This year, CIPA Congress is tackling all things AI. Together with Ben Hoyle (Hoyle IP Services Ltd), Coreena Brinck (Two IP) and Julio Fonseca (ASML), this Kat has the pleasure of speaking on a panel at Congress focused on the intersection between data, IP and AI, "Data is the new oil", chaired by Greg Corcoran (Greg Corcoran IP). For the avoidance of doubt, the following are this Kat's own views and do not represent the views of the rest of the panel.
The concept of data as oil has been around for a number of years, but does the analogy still hold? Coming from the perspective of the pharma and biotech industry, this Kat sees that there is now a shift away from thinking of data as a bulk commodity of raw material, towards the pursuit of high quality data that can improve the performance of AI models. This shift has important implications for IP strategy and licensing provisions relating to data.
Data was the new oil
Data is a very broad term. At a very basic level, data can be defined as a collection of facts, figures, and statistics. As the Google Books Ngram Viewer reveals, the term "data" only really came to prominence in the 1990s, followed by a steep rise in usage up to the early years of the millennium. The increased use of the term data correlated with the vast increase in information that became available to society from the 90s onwards, brought about partly by the internet and partly by technological advances in computing and scientific discovery (such as genetic sequencing technologies).
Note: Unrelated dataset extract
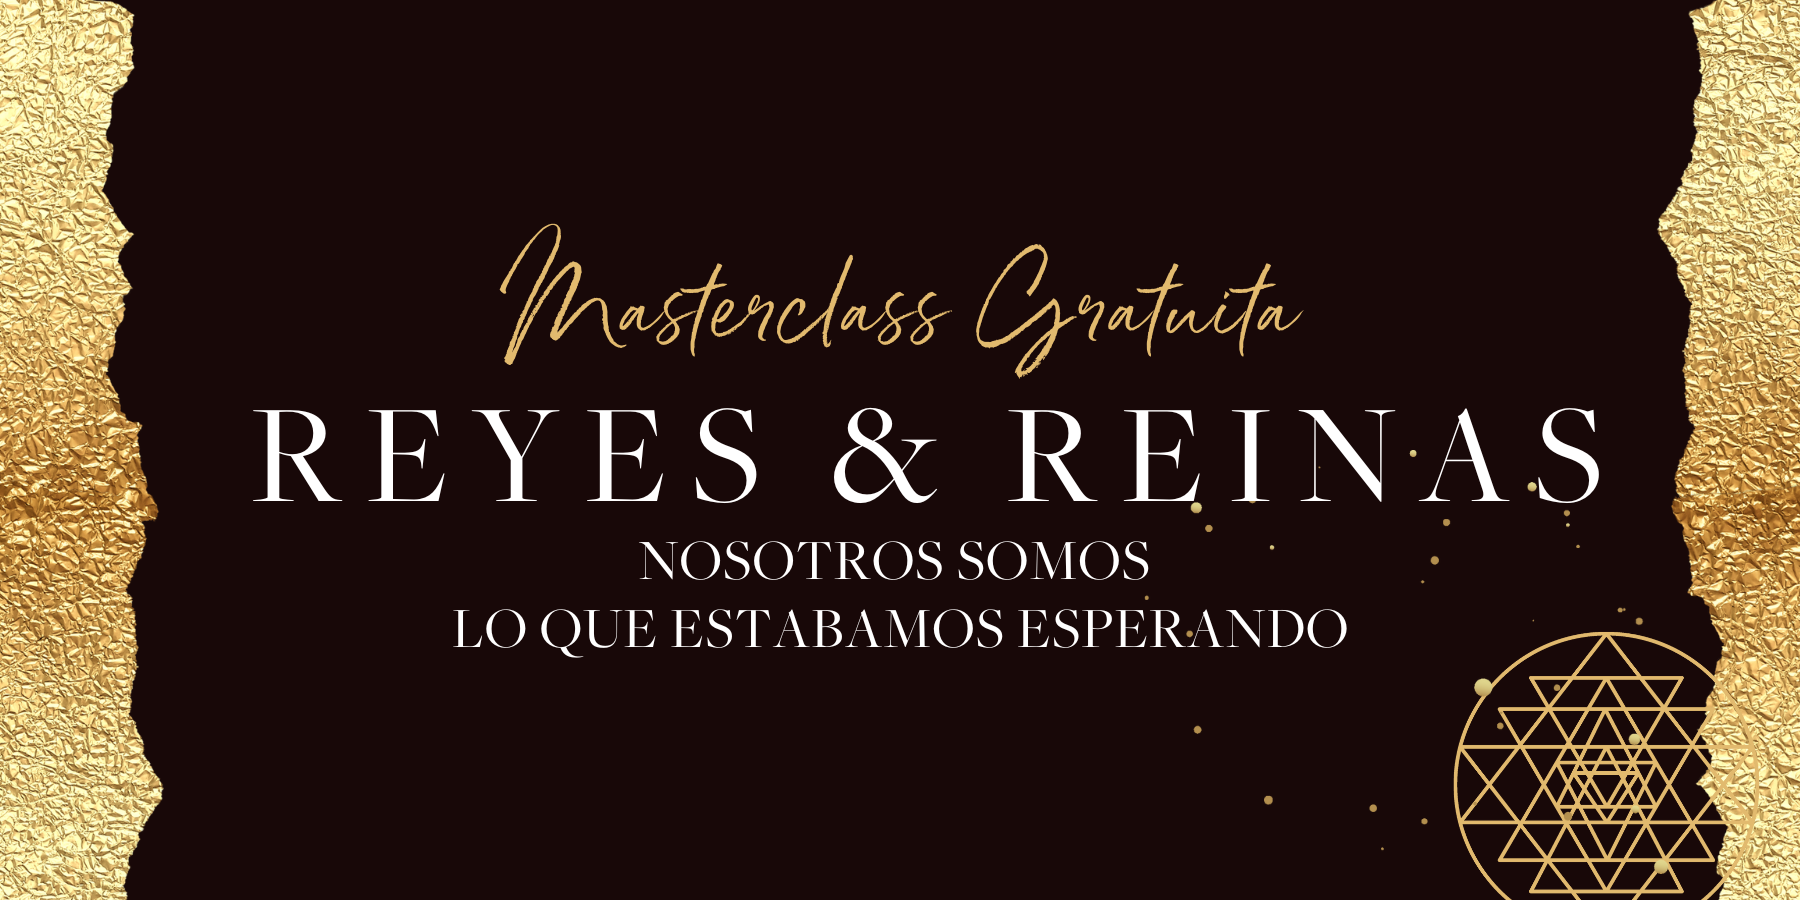 Masterclass Reyes & Reinas: Nosotros somos lo que estábamos esperando

The concept of data as "the new oil" was brought to popular attention by a headline in The Economist back in 2017 that proclaimed that The world’s most valuable resource is no longer oil, but data. Interestingly, since then, much of the discussion about data and its use in the economy has often focused on the negative connotations of that phrase, particularly the exploitation of personal information by big tech. However, for the science and technology sector that the IP industry serves, the analogy of data as oil holds a different meaning. The explosion in the scale and complexity of information that arose at the start gave rise to its own field of big data (which became a buzzword around 2007) and associated specialisms devoted to analysing and processing this data (anyone remember systems biology?).
Importantly, this big data provided an essential bedrock for the AI systems which were to follow. The modern field of machine learning is fundamentally dependent on vast amounts of data to learn, improve, and make accurate predictions. There would be no Nobel-prize winning AlphaFold without the public data bank of protein sequences (IPKat), and there would be no Large Language Models (LLMs) without the vast quantity of language data available on the internet. These huge repositories of information were essential to train the models that are the foundation of modern AI.
![]() |
From oil to gemstones |
The different types of data
The data that has fuelled the field of AI in the form of training data takes multiple forms, spanning numerous formats and scientific domains, depending on the type of AI. For early visual AI models like Convolutional Neural Networks (CNNs), the primary data consists of images. This could include, for example, medical imagery such as breast scans and MRI scans used for detecting cancer, as well as visual, infrared, and radar images collected from aerial surveillance for applications like disaster management. Importantly, the generation of AI models used in scientific discovery relies on vast datasets such as genomic and proteomic information from gene sequencing, data from the Protein Data Bank containing protein structures, and simulation results from semiconductor chip design. For generative AI like LLMs, the training data is predominantly text and code, often scraped from the public internet.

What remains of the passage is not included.